> EXERCISE DATA:
────────────────────

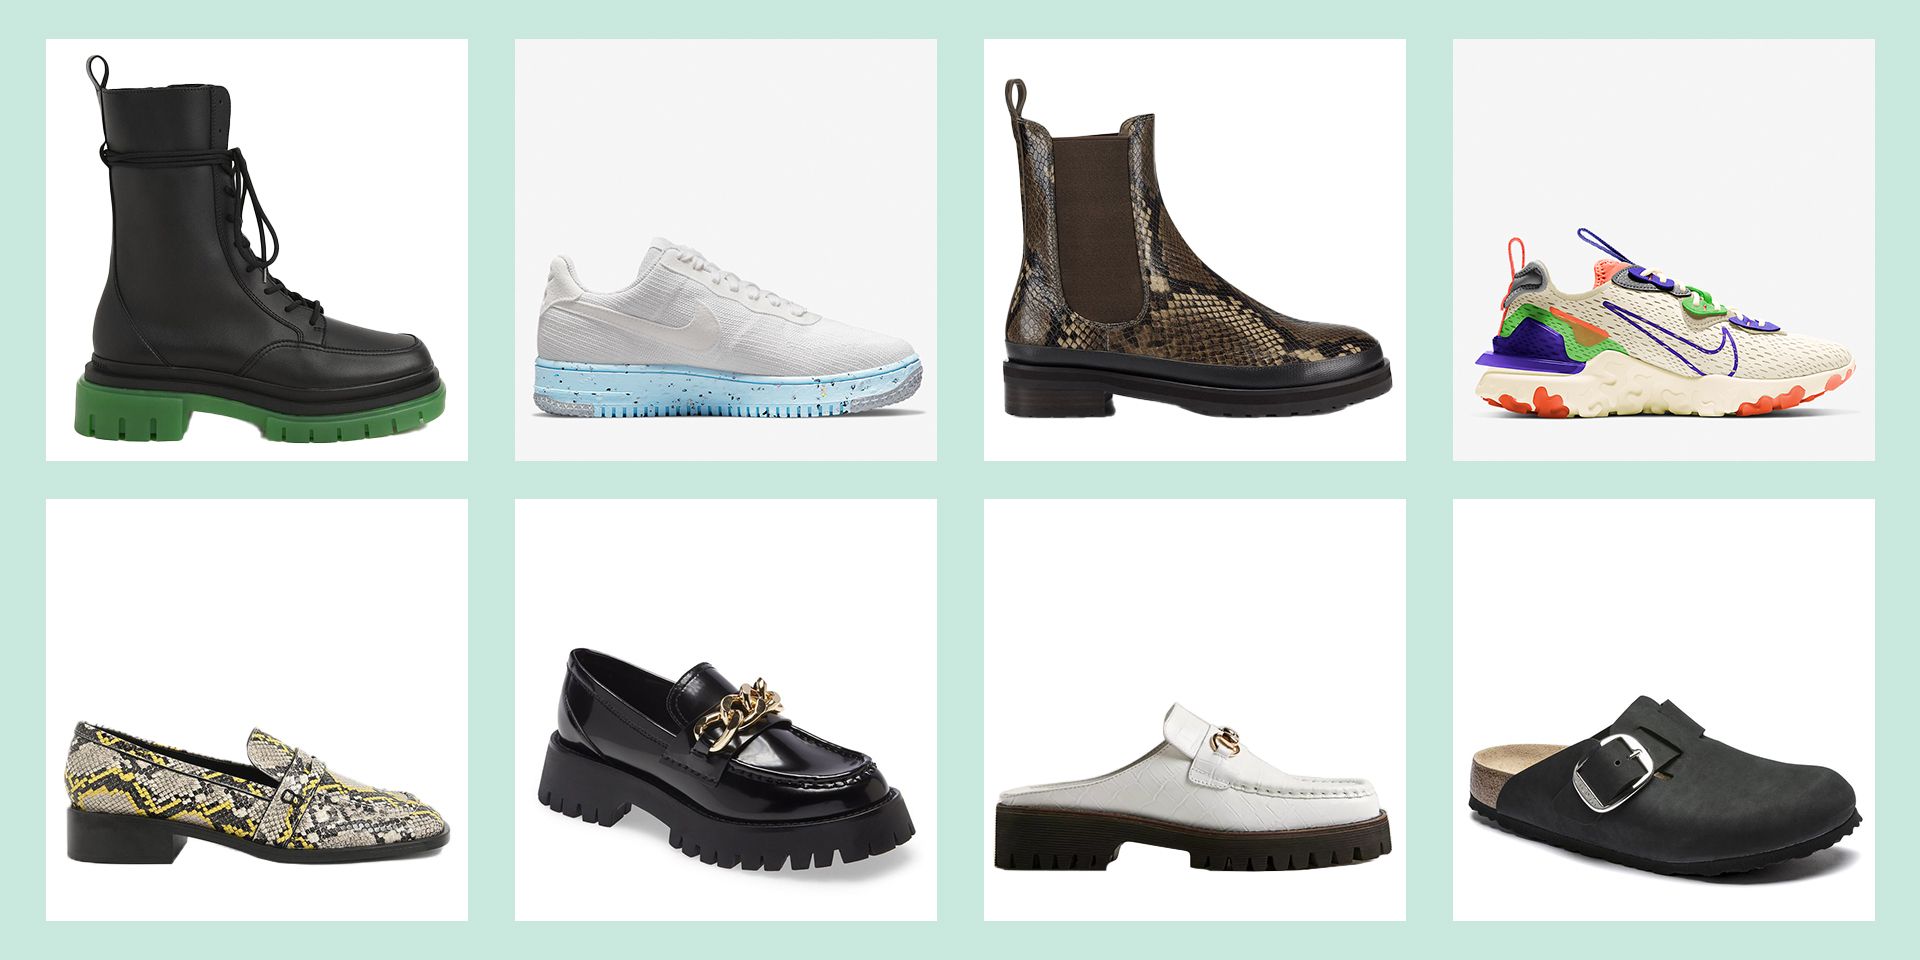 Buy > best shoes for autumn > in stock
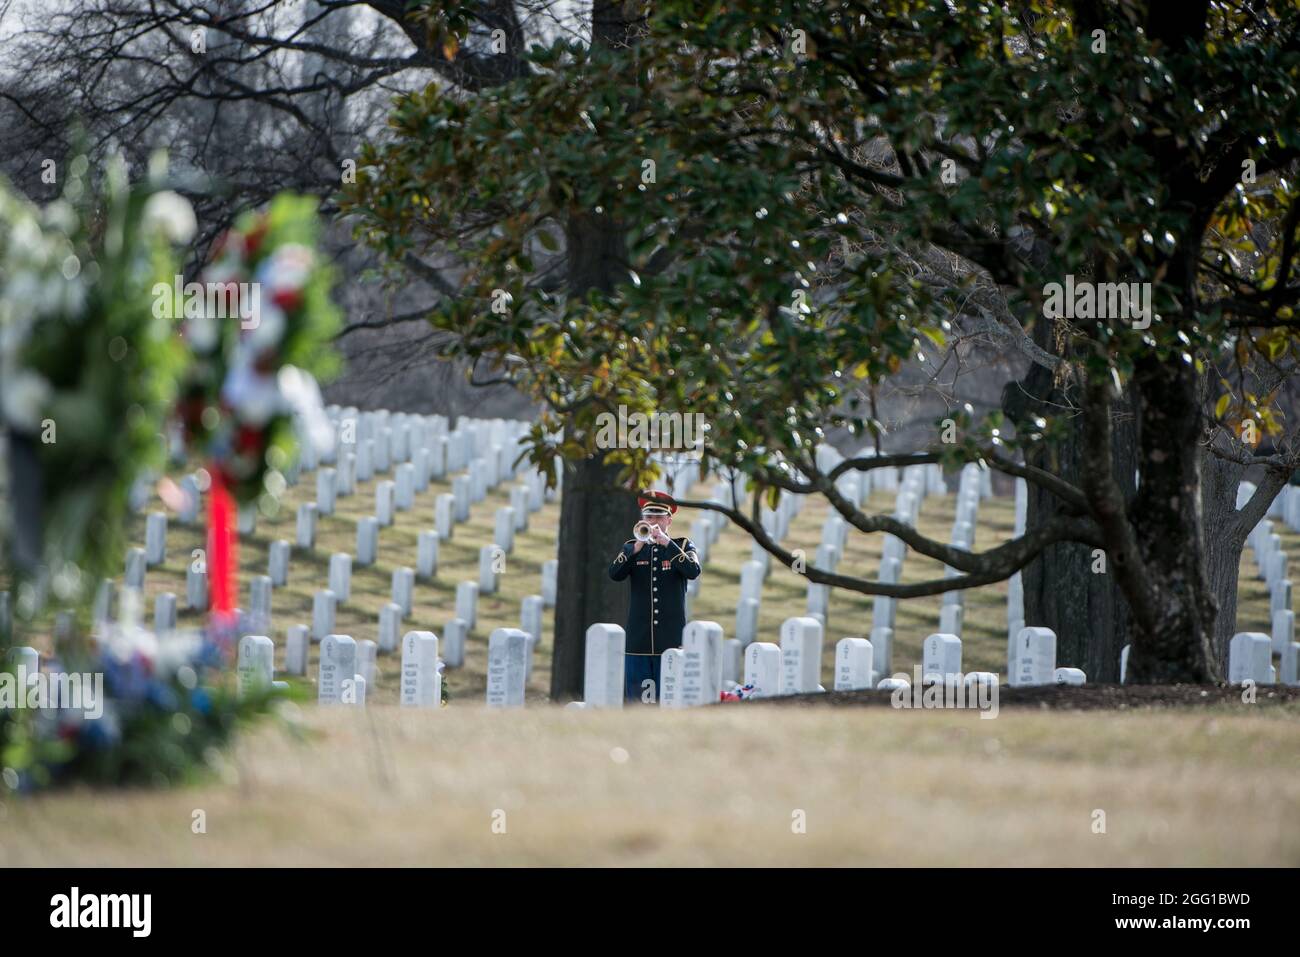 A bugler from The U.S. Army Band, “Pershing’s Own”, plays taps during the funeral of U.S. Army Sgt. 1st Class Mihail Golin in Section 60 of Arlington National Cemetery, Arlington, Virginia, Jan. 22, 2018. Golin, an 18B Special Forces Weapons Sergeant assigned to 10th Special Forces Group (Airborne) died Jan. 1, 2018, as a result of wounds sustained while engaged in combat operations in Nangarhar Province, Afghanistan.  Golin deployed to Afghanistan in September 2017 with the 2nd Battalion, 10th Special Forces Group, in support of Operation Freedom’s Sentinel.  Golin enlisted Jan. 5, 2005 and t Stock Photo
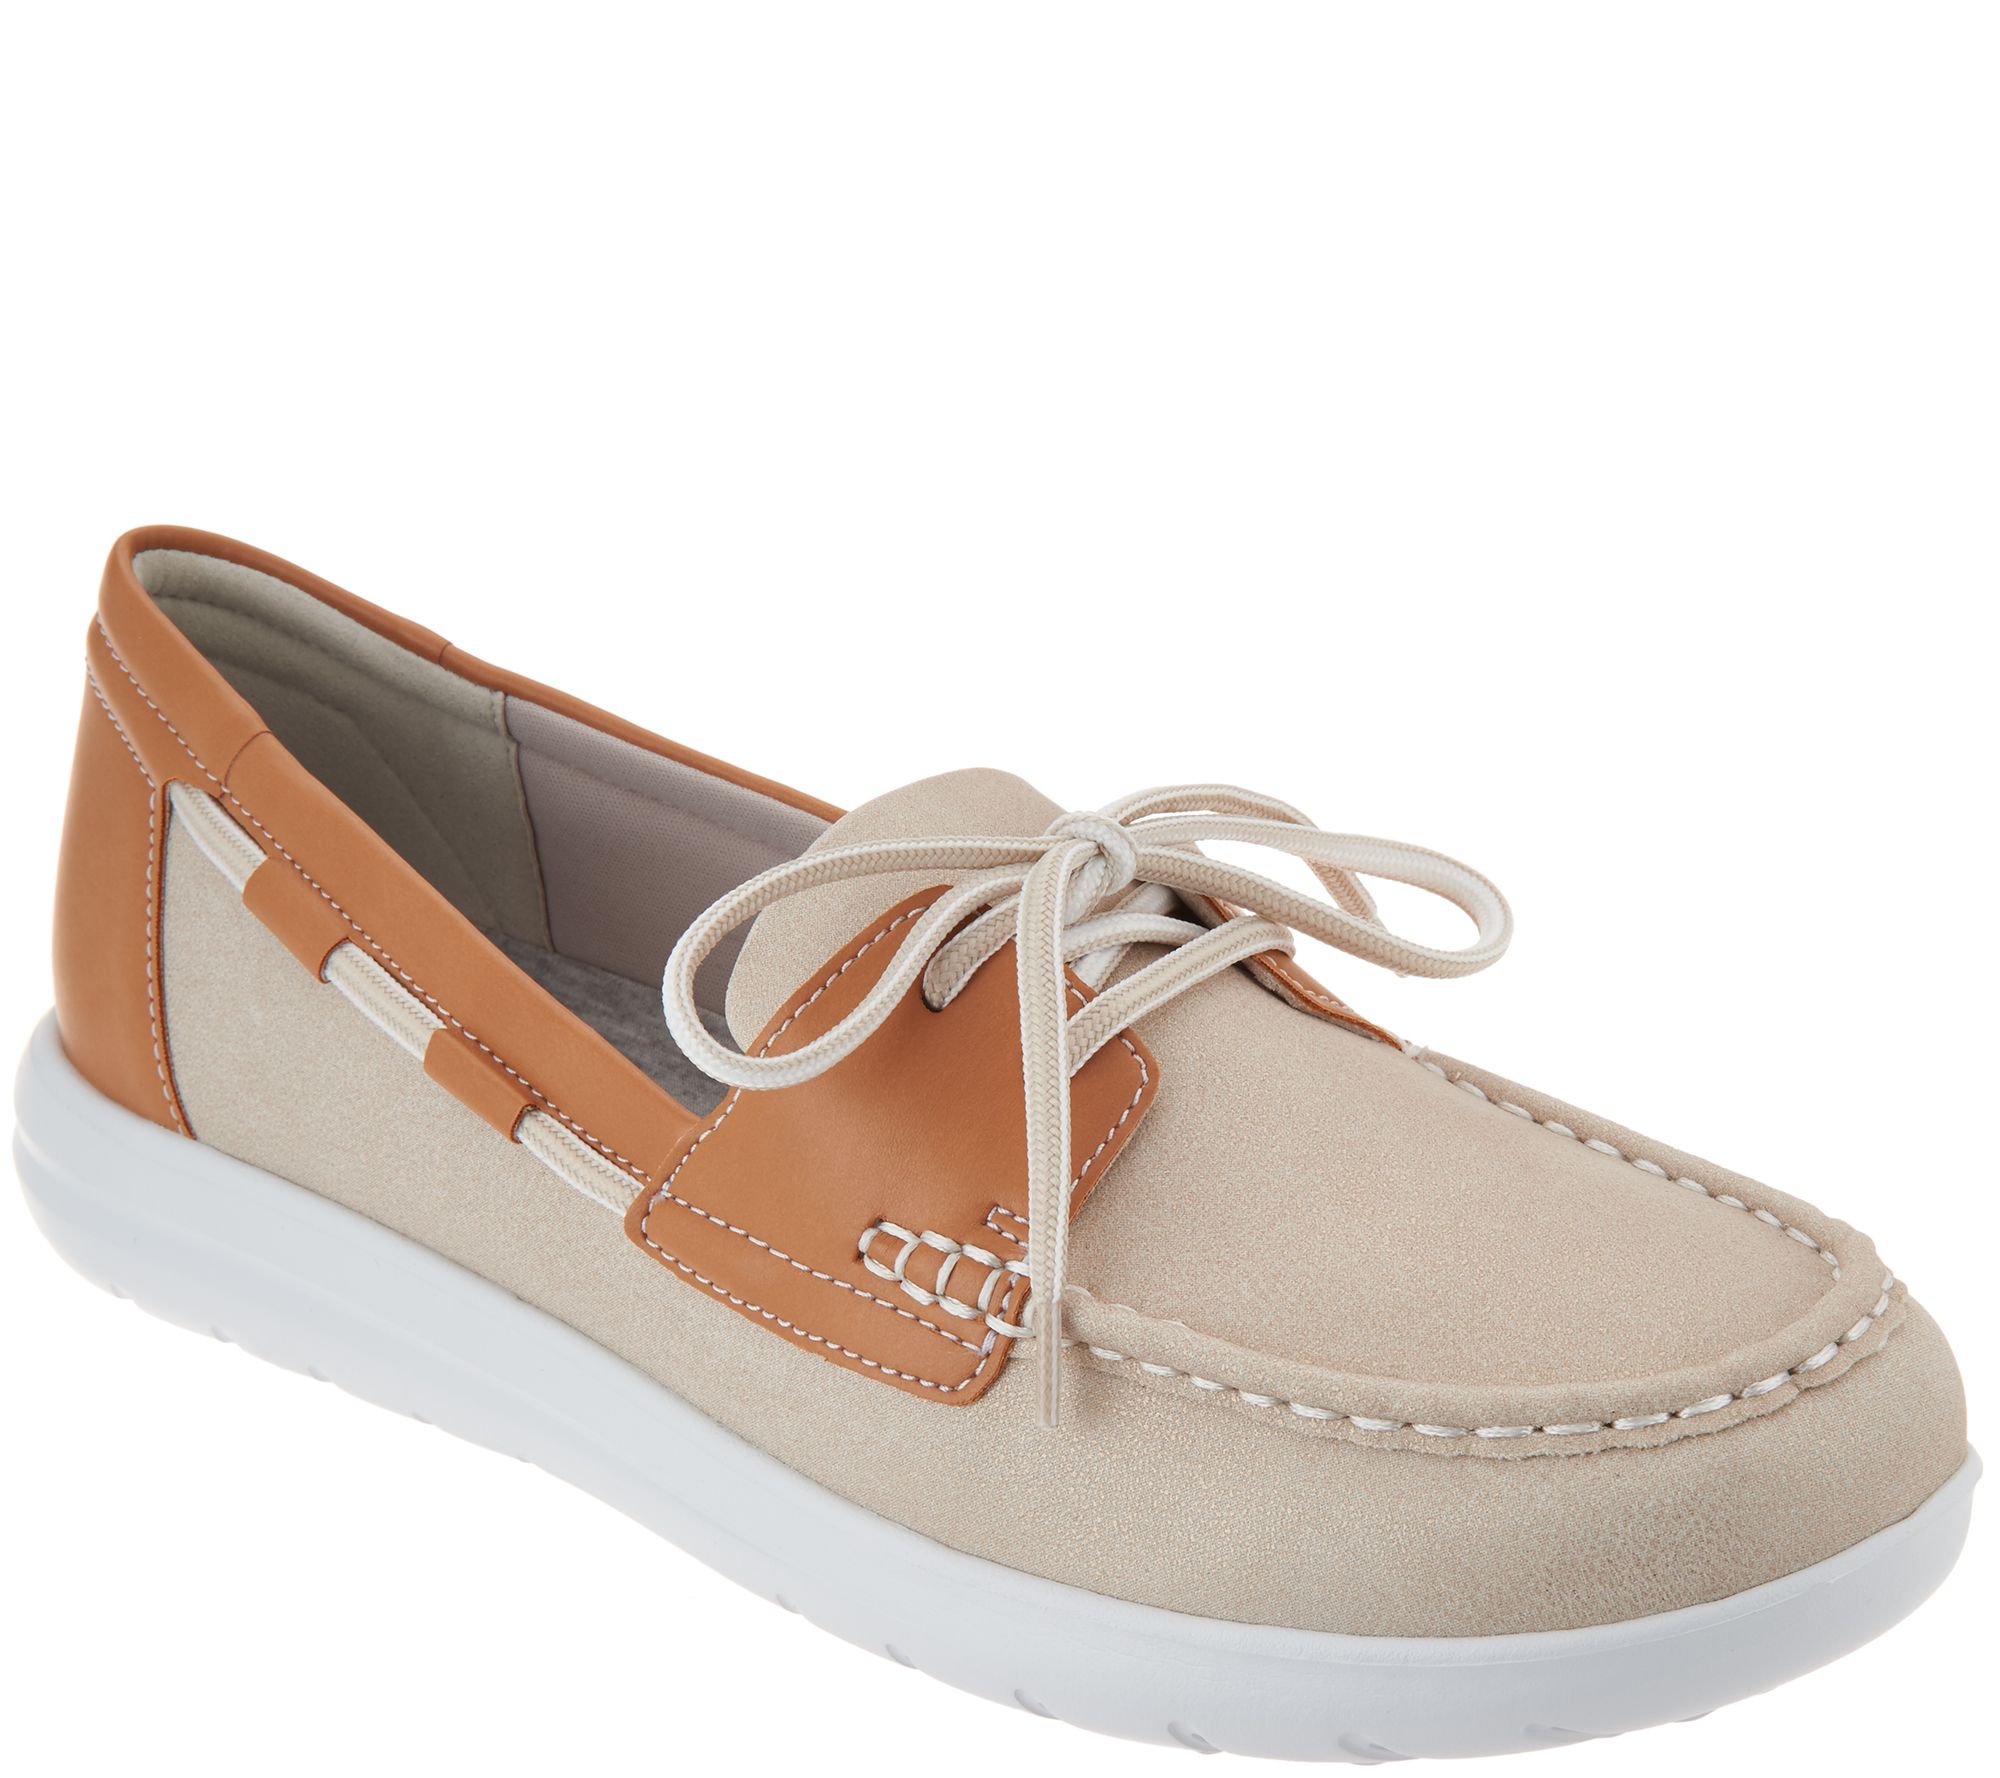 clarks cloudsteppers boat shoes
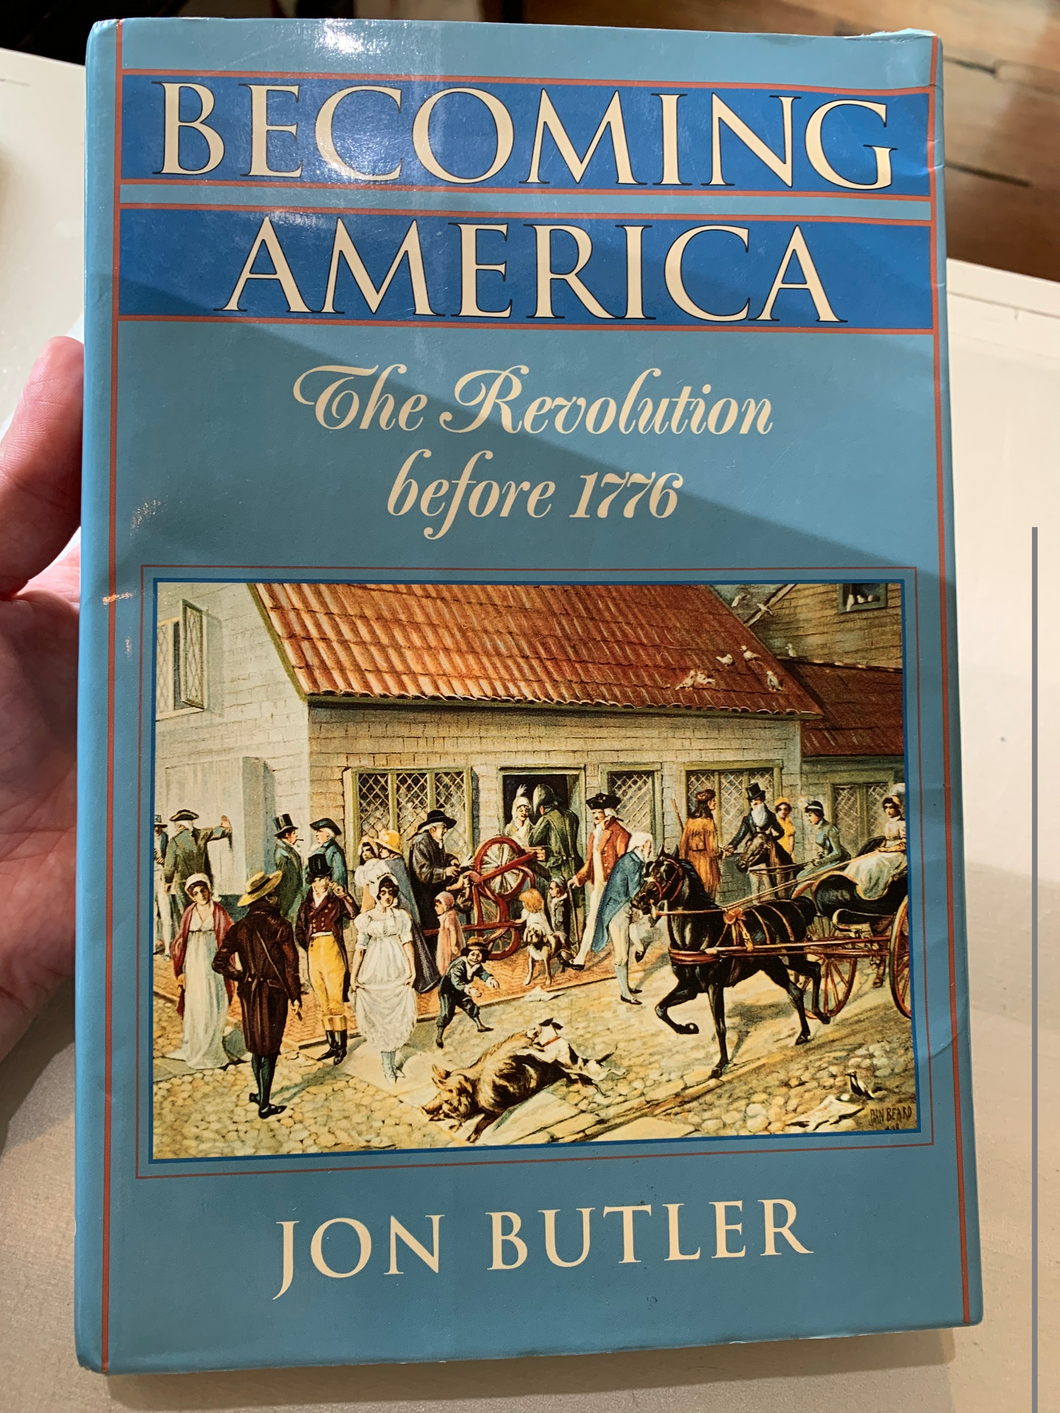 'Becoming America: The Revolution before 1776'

────────────────────

> PROBLEM STATEMENT: The whole listing must be restated word for word. Leave out any pictures.

> RESULT OF THE TASK:
 Buy > best shoes for autumn > in stock
 A bugler from The U.S. Army Band, “Pershing’s Own”, plays taps during the funeral of U.S. Army Sgt. 1st Class Mihail Golin in Section 60 of Arlington National Cemetery, Arlington, Virginia, Jan. 22, 2018. Golin, an 18B Special Forces Weapons Sergeant assigned to 10th Special Forces Group (Airborne) died Jan. 1, 2018, as a result of wounds sustained while engaged in combat operations in Nangarhar Province, Afghanistan.  Golin deployed to Afghanistan in September 2017 with the 2nd Battalion, 10th Special Forces Group, in support of Operation Freedom’s Sentinel.  Golin enlisted Jan. 5, 2005 and t Stock Photo
 clarks cloudsteppers boat shoes
 'Becoming America: The Revolution before 1776'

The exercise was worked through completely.